Это длится на таком ужасном уровне три четверти часа; затем быстро проходит. Пропитанный потом, высосанный, он оставлен с наследием сильнейшей из возможных простуд, со скрежещущей хрипотой в горле. Ему все еще нехорошо, он все еще болен, но это ничто в сравнении с конвульсиями болезни, через которые он только что прошел.

Вот он лежит в кровати, пытаясь читать. Он нейтрален, исчерпан физически и духовно, и тем не менее в полном сознании. Отдалившись, наконец, от напряженности болезни и сновидений предшествующей ночи, он не забыл ничего.

Ему не обязательно оставаться одному в этом гостиничном номере. Есть люди в этом городе, которых он знает: он мог бы встретиться, чтобы расслабиться, с ними. Он не делает ни движения, даже осознавая, что они заставят его вернуться к нормальности, забыть то, через что он прошел; ни движения, ни даже одного пробного телефонного звонка. Он знает, что он видел и пережил что-то; он знает, что из всех случаев именно сейчас важно не забыть. Поэтому он ждет, в большей степени одинокий, чем когда-либо, тем более, что компания находится всего лишь на расстоянии номера из шести цифр, номера, от набора которого его собственная рука удерживает палец.

Как ему и было известно из неких неясных глубин своего Я, это приходит. Оно начинается с ноющей легкости в груди, чувства, физически расположенного над его сердцем. Теперь начинается тоска, безымянная и необоснованная: мощная квинтэссенция надежды и отчаяния, универсальной радости, бесконечной печали.
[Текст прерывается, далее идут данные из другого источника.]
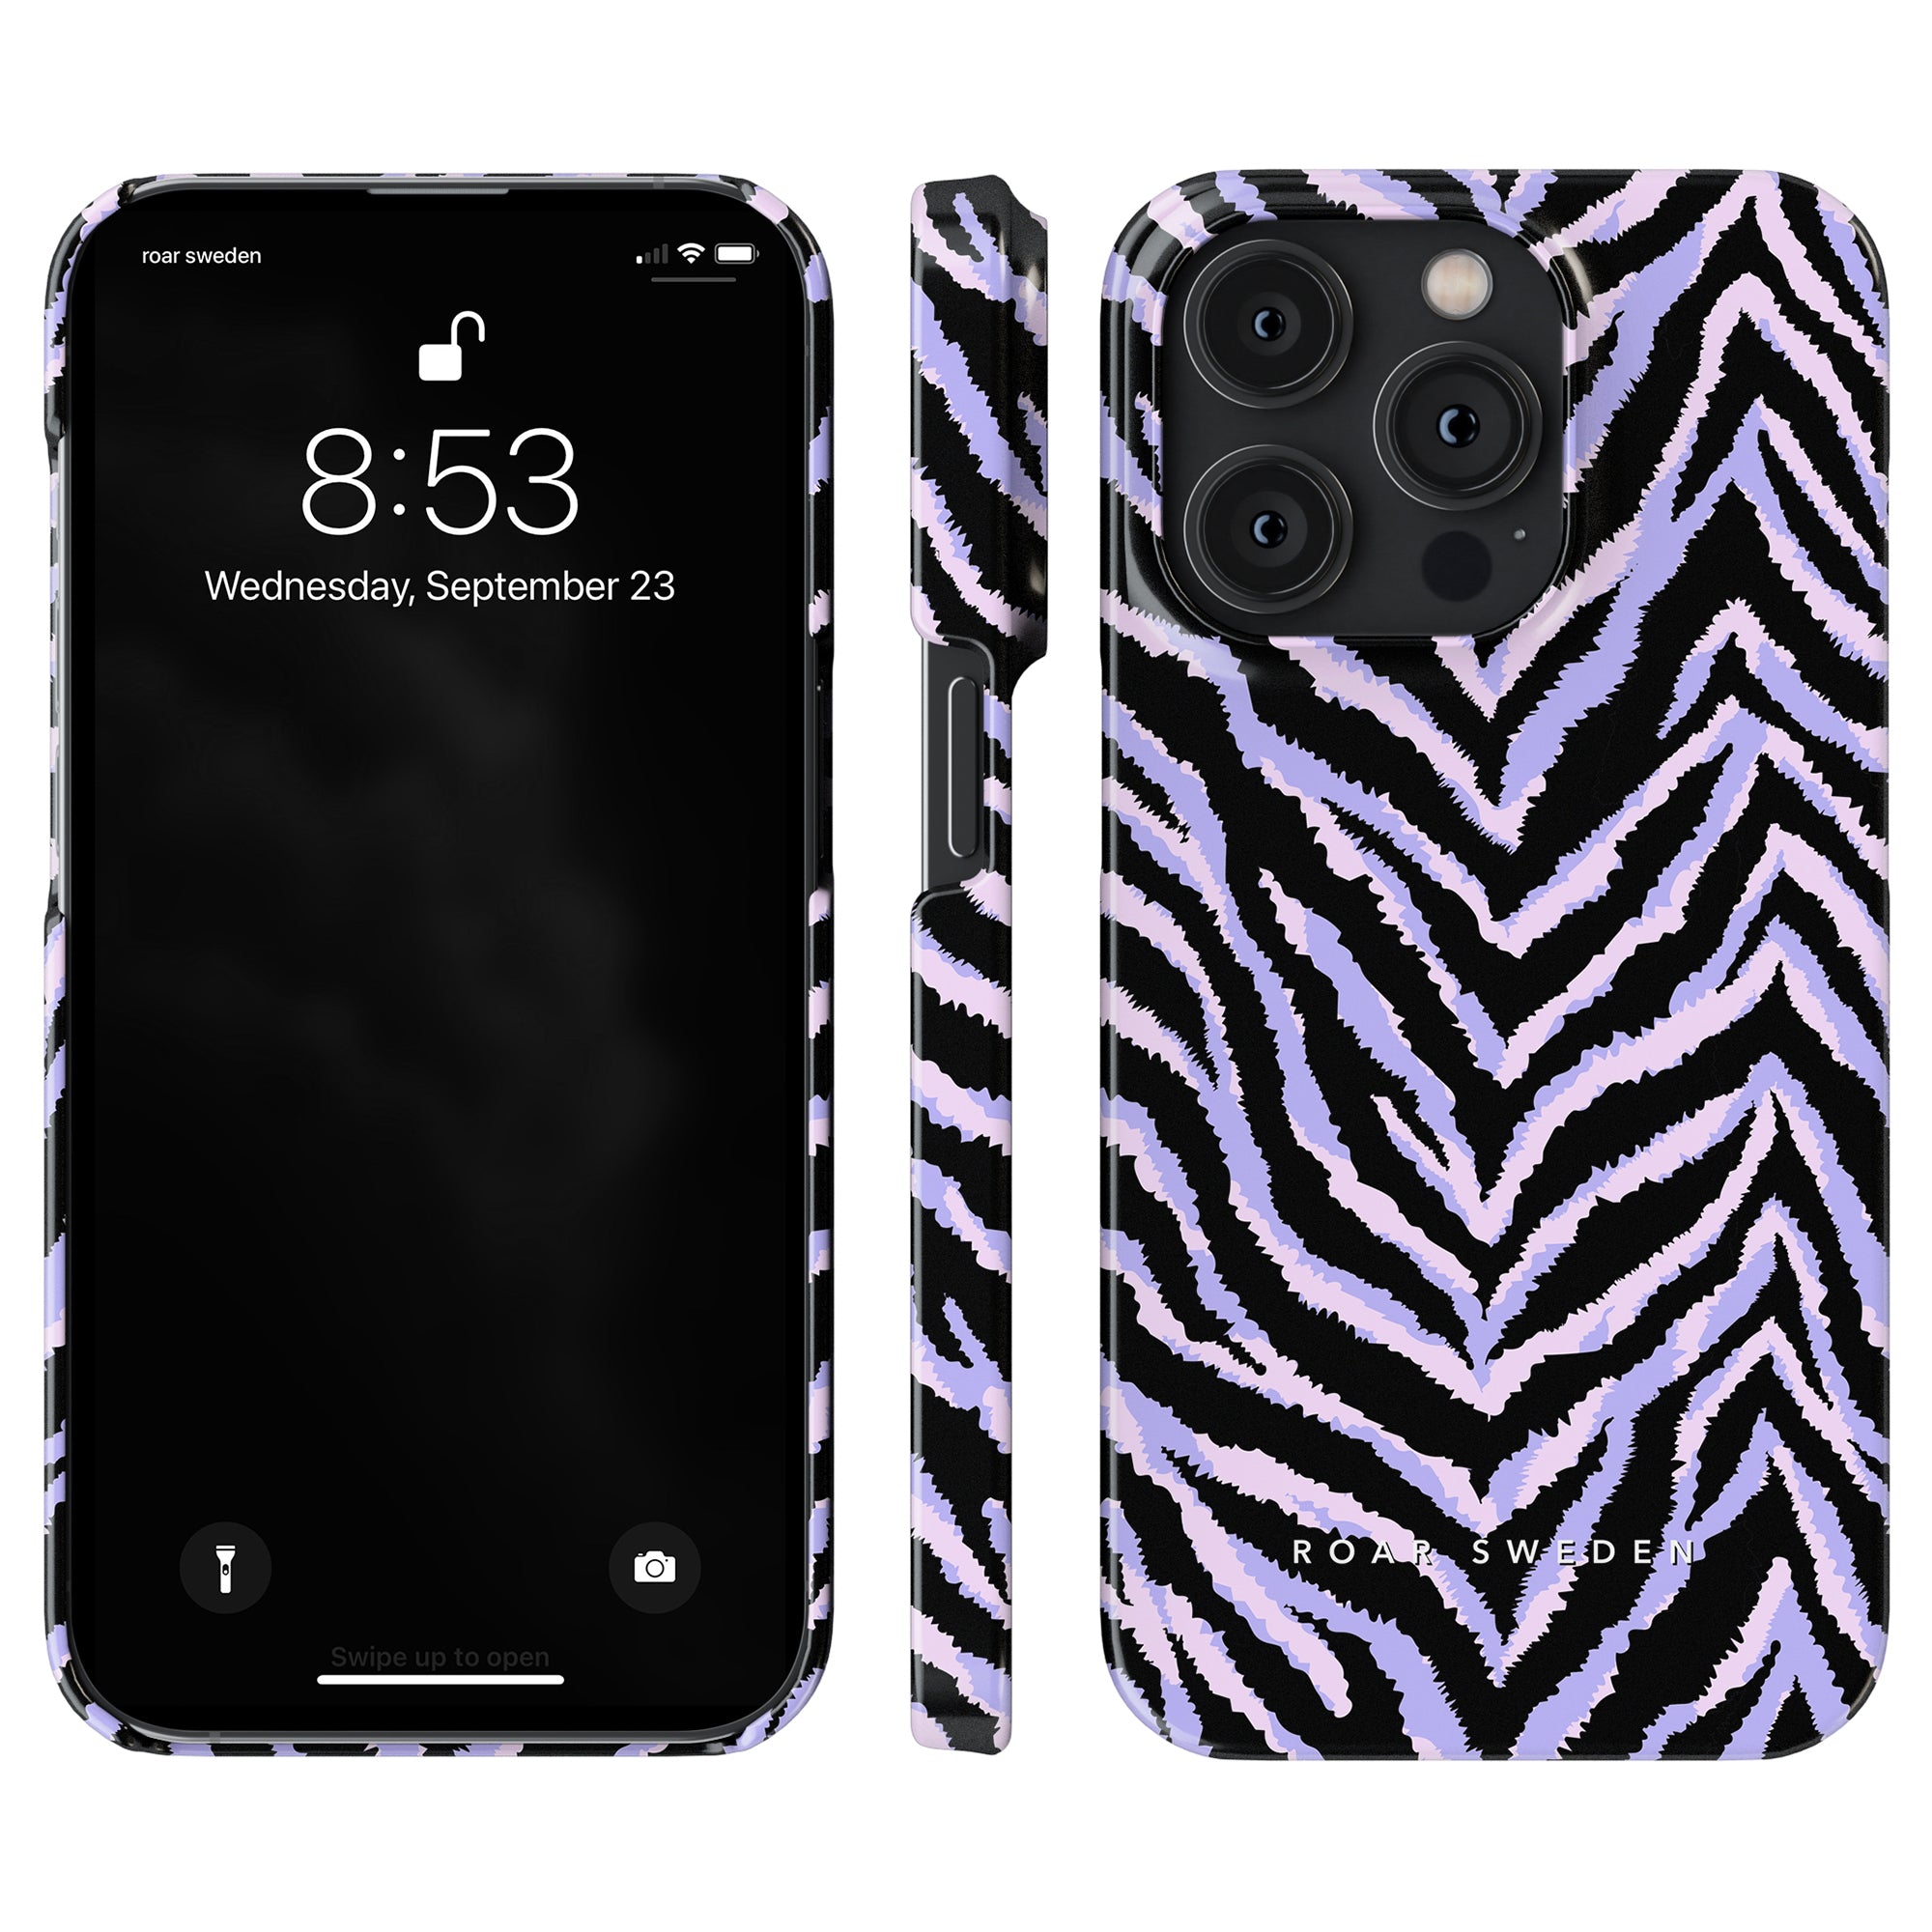 Förbättra din iPhone 11 med det snygga Zebra - Slim Case från Roar Sweden. Detta smartphonefodral har en trendig design med zebratryck som ger en touch av vildhet till din enhet.

Вот чувства начинают накатываться на него в вибрирующей напряженности. Он отражаются в себя и в него, пробегая гамму своей последовательности. Они вибрируют в гармонии, чтобы достичь разрушающих разум размеров. Они обрушиваются на него волнами попеременно ледяными и обжигающими, затаскивают его глубоко в свои подводные течения.

Что-то в его разуме было к этому подготовлено, но теперь это для него бесполезно: его мозг опустошен, исследован до последнего предела безымянными мыслями и чувствами. У него нет причин их утаивать, нет выбора, кроме как следовать за ними.

Он обнаруживает себя маниакально расхаживающим по комнате, ерошащим волосы исступленными, неуправляемыми пальцами. Он обнаруживает себя молотящим со всей силы кулаком по дверному косяку: кровь на костяшках пальцев, слепота в обезумевших глазах, тьма в мозгу. Он обнаруживает себя бросившимся на кровать, лицо, зарывшееся в подушки, руки, сжимающиеся и разжимающиеся в каком-то невыраженном ритме. Иррациональные слезы струятся по его щекам. Между рыданиями он слышит свой собственный голос: "О, нет, не надо┘ не надо┘ не надо┘"

Волны эмоций затихают; безумие удаляется неуклонным отливом. Оглушающий шум крови, мчащейся сквозь его непонимающий разум, прошел; он опять спокоен, и почти догадывается. Очередная проверка, на этот раз его разума, пришла и ушла.

Он лежит ничком, окончательно и чрезвычайно истощенный. Его испытывали слишком жестоко, но он един в разуме, теле и духе. Слишком рано еще, он слишком устал, чтобы спрашивать, почему, чтобы найти-даже если это возможно-какое-либо правильное осмысление. Он думает о чем-то, однажды слышанном; кажется, это было давным-давно, кажется, это было в его голове всегда.

"Позаботься как следует о своем ноже, он тебе понадобится".

Вот он проваливается в сон, в завершающее сновидение.

"Я в тюремной камере. Сыро, мало света, неудобно. Это может быть Монте Кристо, Человек в Железной Маске, де Сад. Такое время, такая темнота. Нет сознания преступления. Нет непосредственного сознания наказания. Без понятия, преступник я или невиновен. Это может быть тюрьма или личная темница. Это может быть Кафка. Такая темнота. Это не жизнь. Я был осужден лишиться жизни, провести то, что от нее осталось, здесь.

Через дверь входит безликий человек. Он здесь, чтобы убить меня. Тайная казнь. Я прижимаюсь к источающей влагу стене под оконным проемом. Он наступает на меня. Я, он, из различных точек комнаты. Угол. Он надо мной. Я все еще не могу увидеть его лицо. Его фигура нагибается надо мной, бесформенная, скрюченная.

Моя рука находит нож, который она сжимала. Я не знаю, долго ли он был там. Вонзаю его в искривленную спину, бок, грудь безликого человека. Он оседает на меня, я задыхаюсь. Я отталкиваю его в сторону. Крови нет, но он мертв. Я свободен. По крайней мере, я жив.┘ Я смотрю на нож в моей руке".